In fact, the district court found that the amount of loss to the victims was
approximately $400 million. It adopted the PSI’s recommendations as to offense
level, criminal history and sentencing range. Immediately after the government
noted its substantial-assistance motion and requested a sentence of not less than 65
months, without further discussion or any explanation, the district court summarily
stated: “All right. The Court departs downward to a Level 8 which, when
combined with a criminal history category of I, creates a Guideline Imprisonment
Range of 0 to 6 months, a fine range of $1,000.00 to $1,000,000.00, and a
supervised release term of 2 to 3 years.” The court then imposed the following
sentence:
First, you shall pay a fine of $10,000.00, with interest waived.

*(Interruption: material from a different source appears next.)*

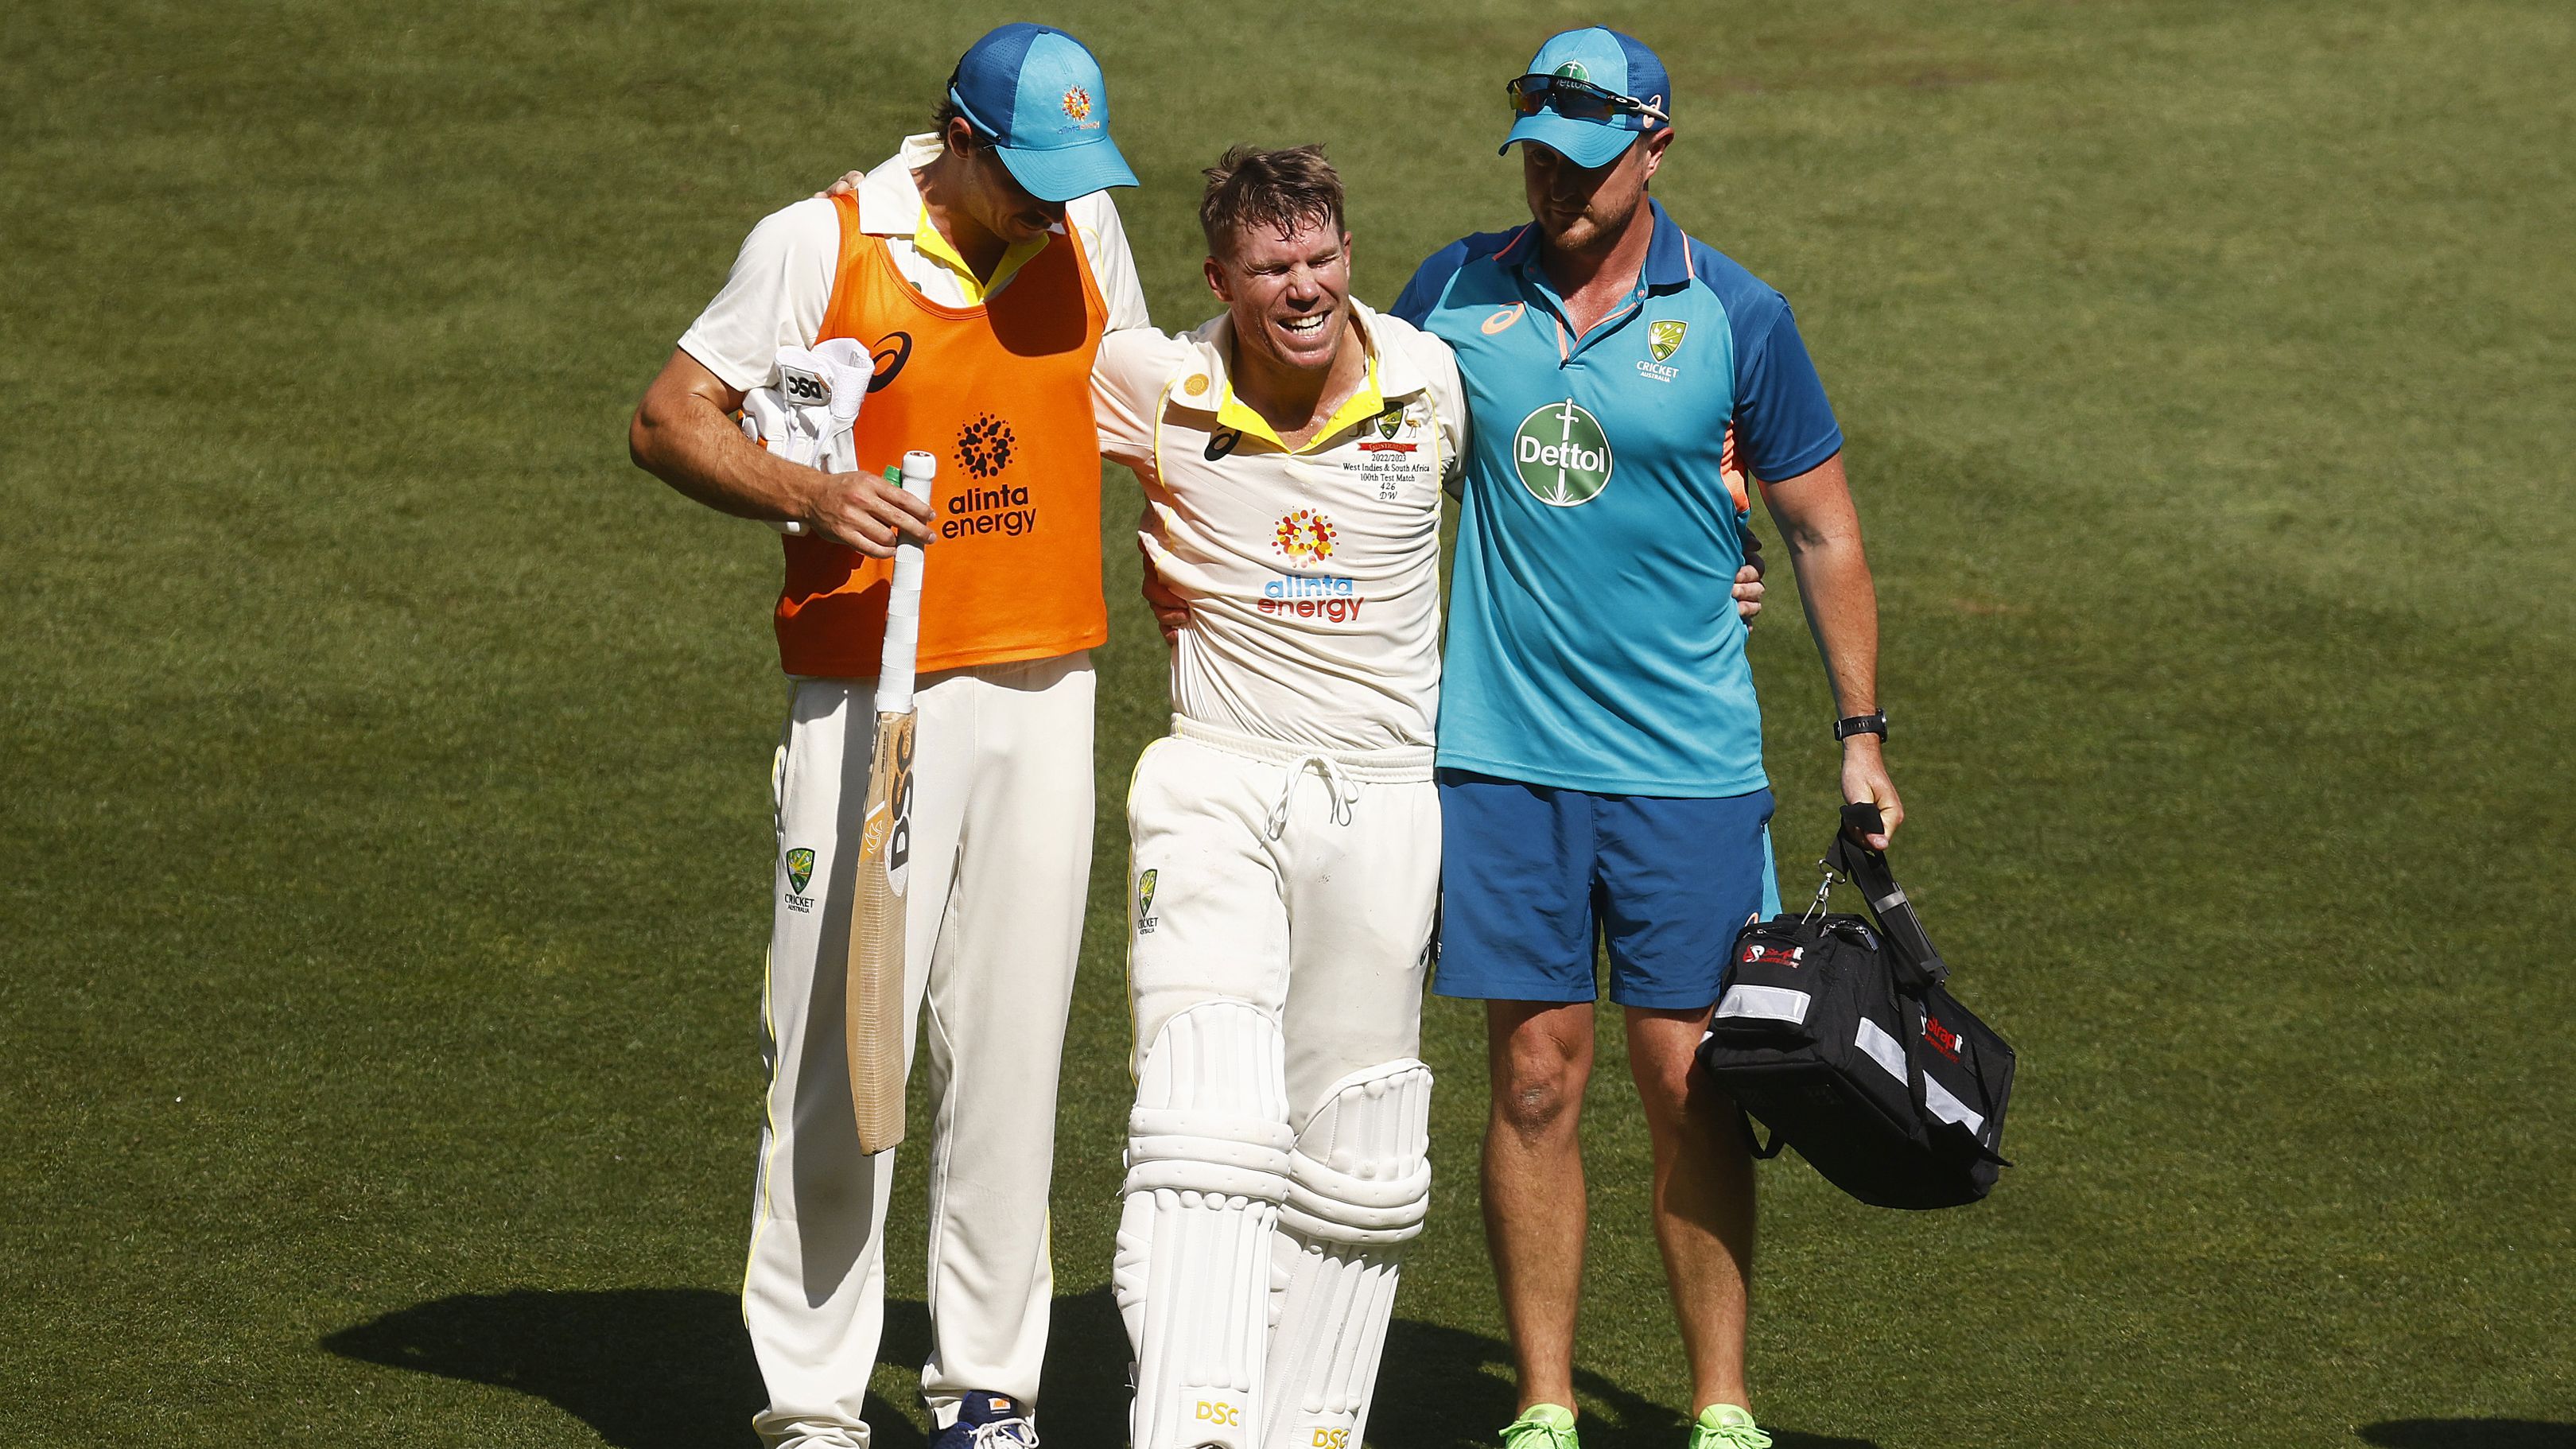 David Warner of Australia leaves the field injured after celebrating his double century. (Photo by Daniel Pockett - CA/Cricket Australia via Getty Images)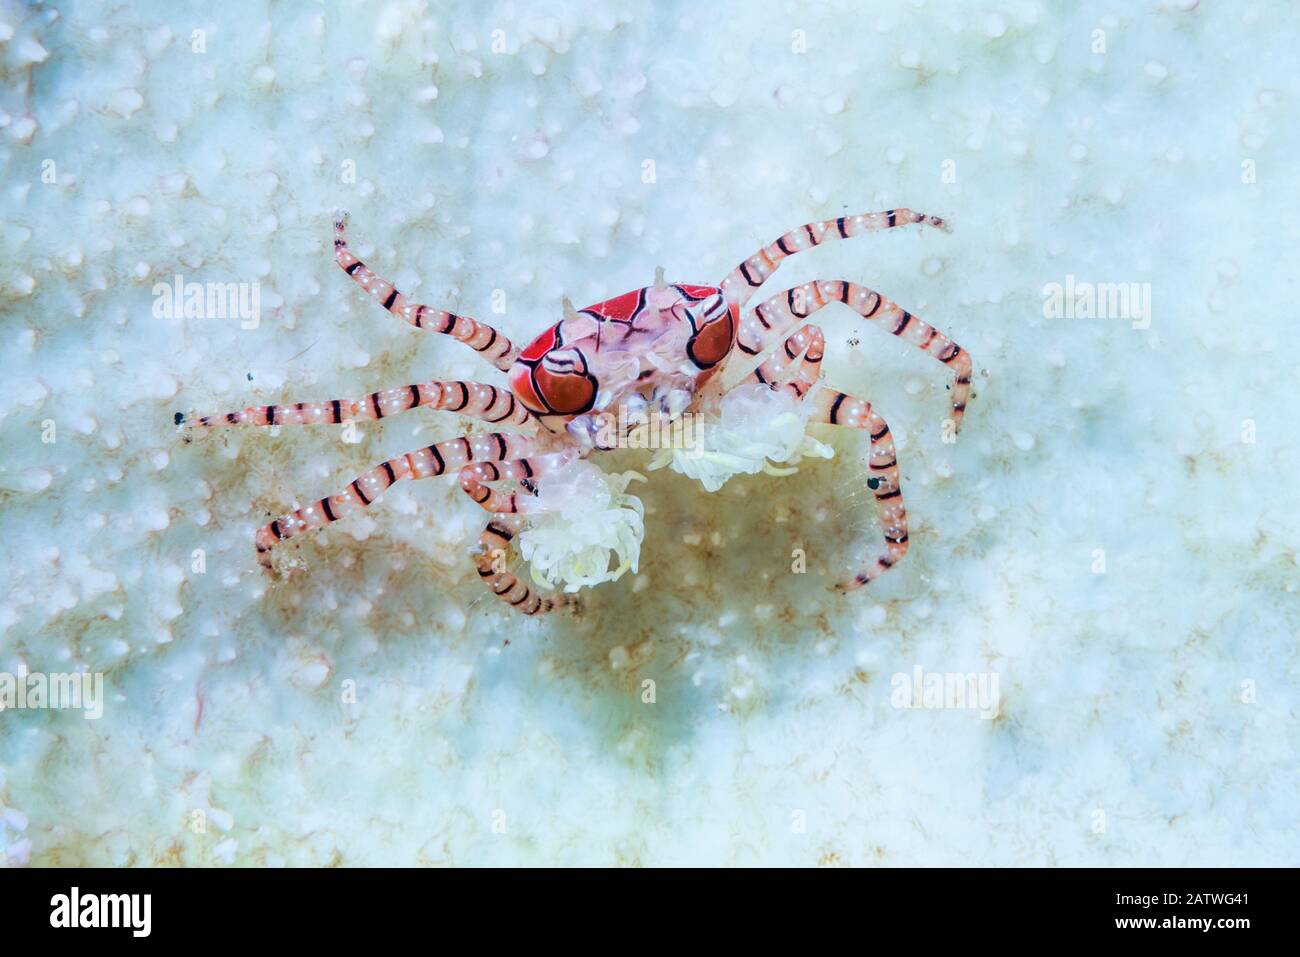 Boxer Crab (Lybia tessellata) with sea anemones in its claws for defense. Lembeh Strait, North Sulawesi, Indonesia. Stock Photo

I will not require restitution because the number of identifiable
victims is so large as to make restitution impracticable. And
determining complex issues of fact relating to the amount of the
victims’ losses would complicate or prolong the sentencing process to
a degree that the need to provide restitution to any victim is
substantially outweighed by the burden on the sentencing process.
9
And thirdly, in light of the pending civil litigation to which you
are a party defendant, the Court will not order restitution in this case
on consideration of the other two findings I’ve just made.
You shall pay to the United States a special assessment of
$200.00. And that special assessment and fine are due immediately.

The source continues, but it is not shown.